Beware of the shiny new things
Dear Editor:
Many Maine towns are not prepared for a shiny new thing to come along, promising tax relief and jobs; Wiscasset has two.
Both a data center and geothermal technologies are unlikely subjects in comprehensive planning, let alone towns' land use ordinances.
In the case of Wiscasset, two proposed projects are a spit away from a fault line that existed long before Maine Yankee promised free electricity. That shiny new thing lasted 25 years, leaving spent fuel rods in its wake.

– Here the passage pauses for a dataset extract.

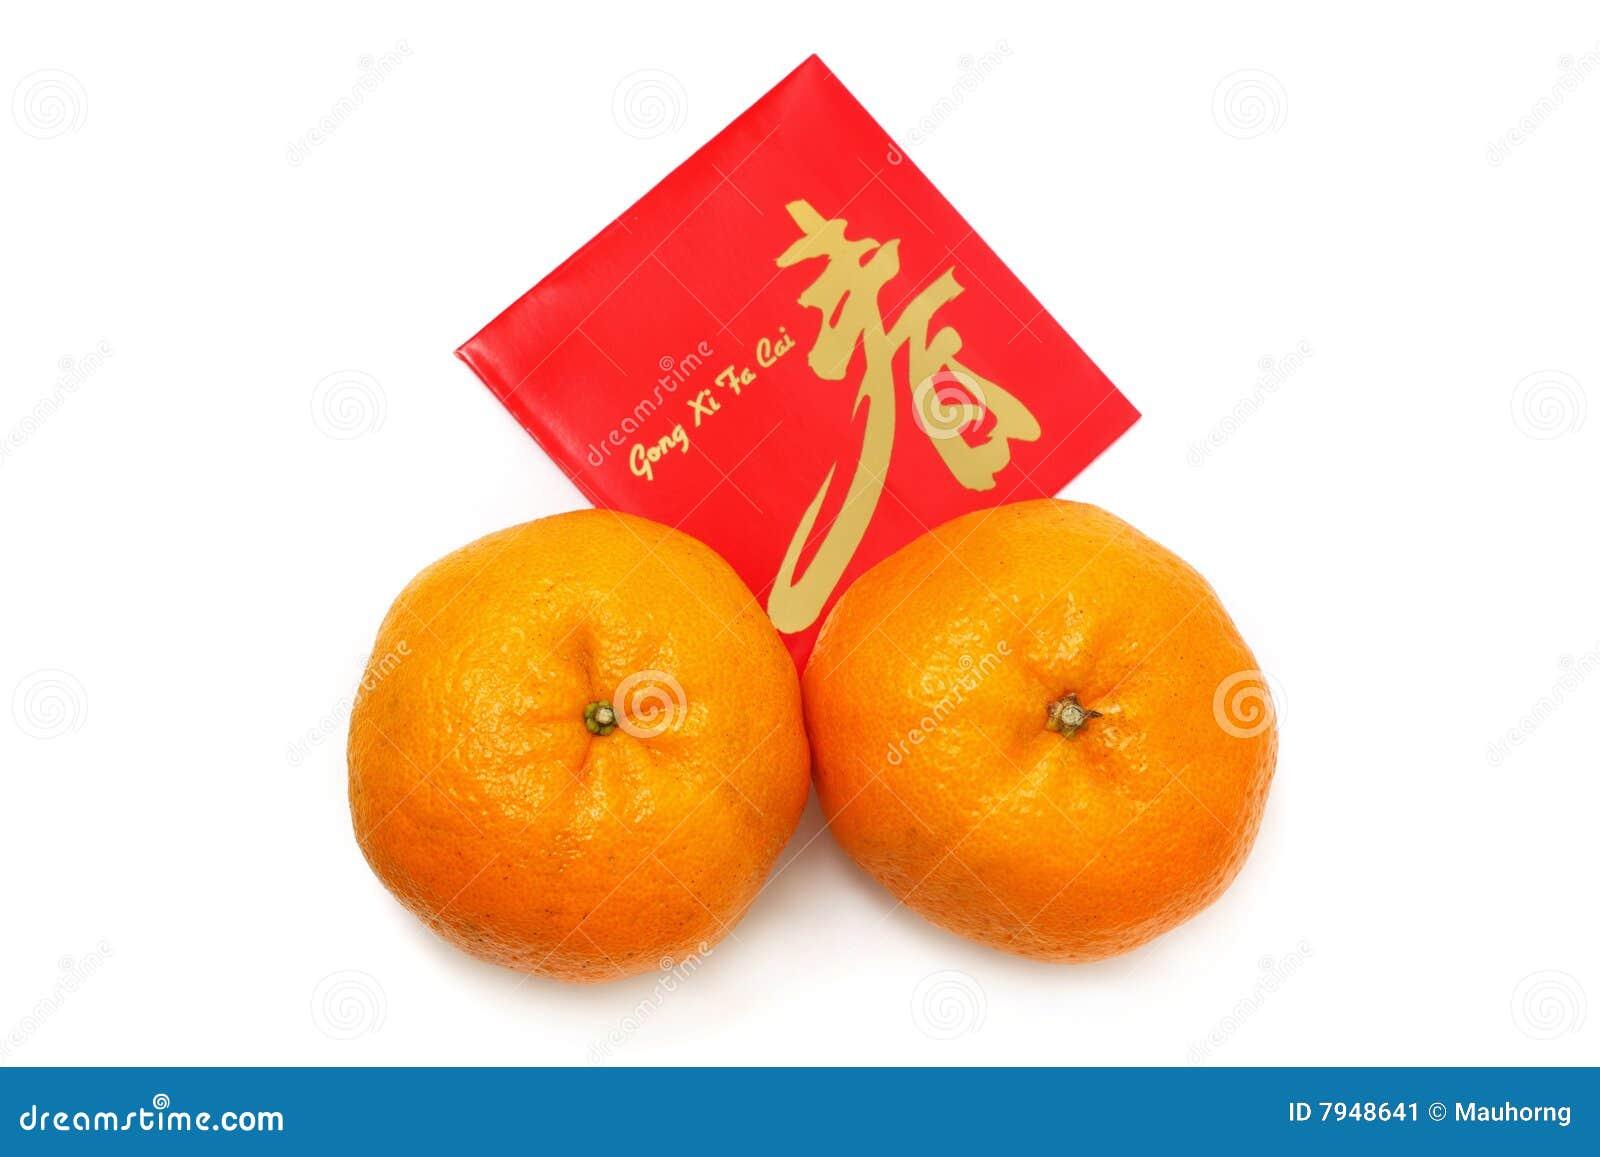 Mandarin Orange And Red Packet Stock Image - Image: 7948641

According to a Nuclear Regulatory Commission file, a fault line runs along the back river of the Sheepscot River, a stone's throw from Peregrine's proposed geothermal project that would poke the earth maybe a mile down. And then there's the data center, which requires an enormous amount of water and electricity, with potential to impact the temperature of the Sheepscot.
Familiarly known as the Robinhood Fault, this was the epicenter of a 1979 earthquake felt as far away as Portland, and announced by Walter Cronkite on national news (he pronounced Wiscasset wis-CASSETTE).
Risk analysis ought to be considered by all the towns who share the river, including Georgetown, Westport and Southport islands, Edgecomb and Boothbay, not just Wiscasset, whose website boasts the Sheepscot as its biggest asset.